= Ader =

French automobile

The Ader was a French automobile designed and built by Clément Ader, a pioneer in flight and telephone service.

The Ader car was built in Levallois-Perret, Seine, by his Société Industrielle des Téléphones-Voitures Système Ader
between 1900 and 1907. The company first built bicycles in 1869 and tried steam powered aeroplanes between 1890 and 1897. In 1900 the first car was made with a V-twin engine of 904 cc and chain drive. In 1901 shaft drive was introduced along with a four cylinder car where the engine was essentially two of the V-twins coupled together. Two of the four-cylinder engines were joined to make a 3616 cc V-8 which was fitted to a car that ran in the 1903 Paris-Madrid race.
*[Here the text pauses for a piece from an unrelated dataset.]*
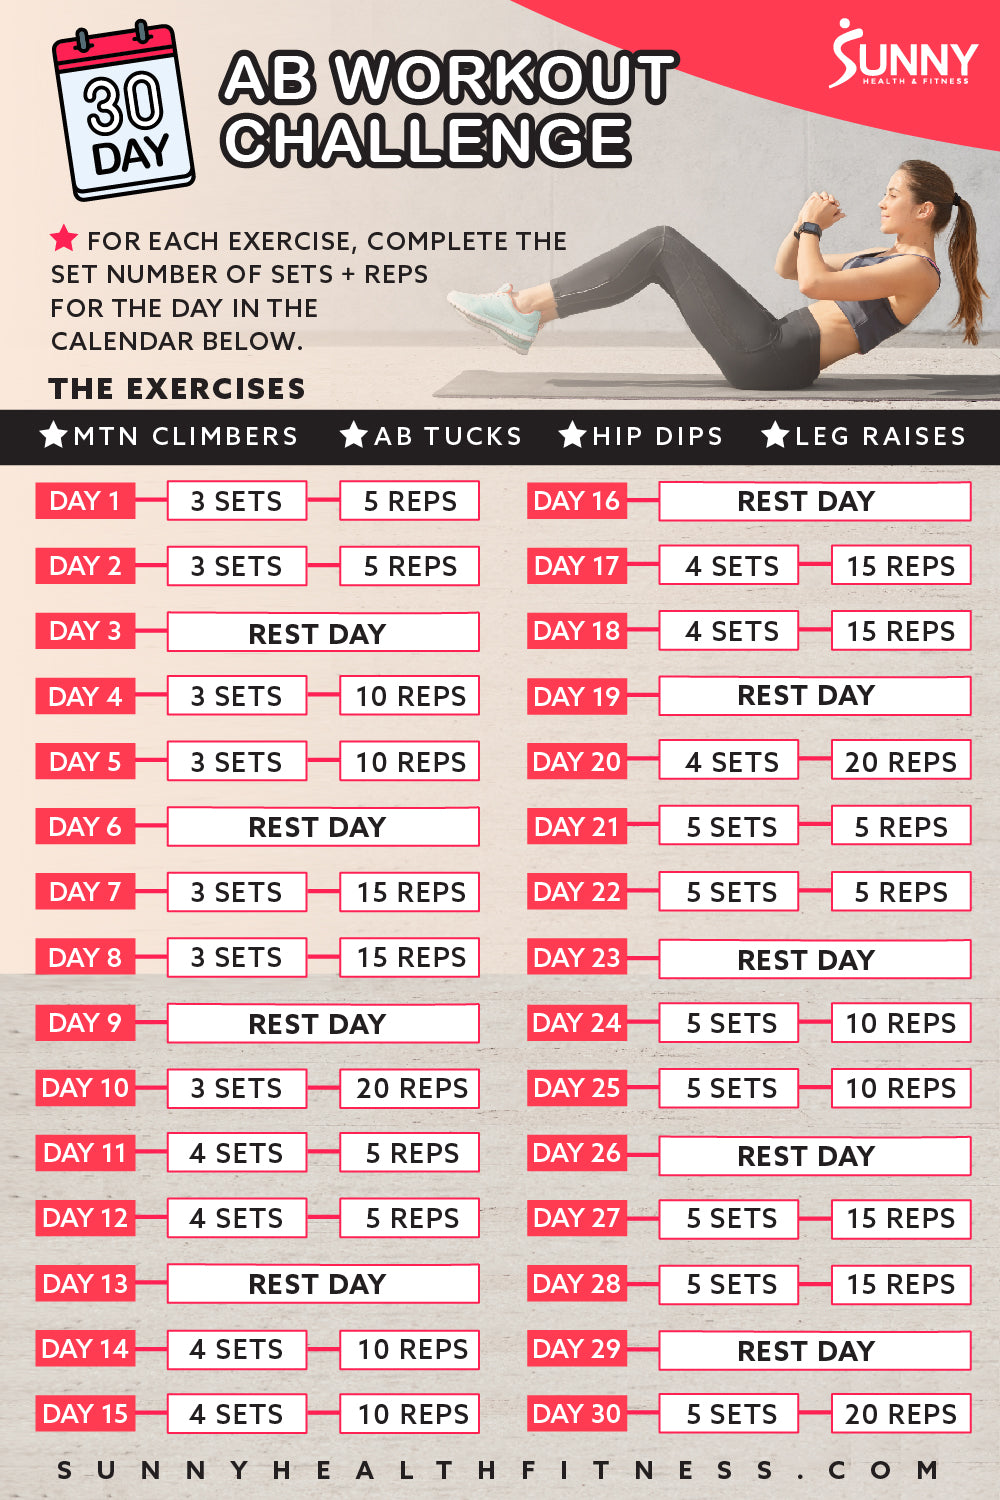 This 10-Minute No-Equipment Core Workout Will Leave Your Abs Burning, 30  Effective, Sore-the-Next-Day Ab Workout Videos

That year Ader listed twin-cylinder cars of 904 cc and 1571 cc, as well as four-cylinder ones of 1810 cc and 3142 cc; each was available in a wide range of coachwork. A 24 hp vertical four was introduced in December 1903 at the Paris Salon.

A new company was formed in 1905 to separate car building activities from the other activities and registered as Société Ader. The factory was located at 40 bis Avenue de Suffren, Paris. The V engines were dropped in favour of the vertical ones in 1907 but this was the final year cars were made though the V-4 engines were made for supplying to other car and boat makers for a few years.

The Ader car was sold in the United Kingdom as the Pegasus.

In 1903 the company also made a shaft-driven motorcycle sold as the Moto-Cardan.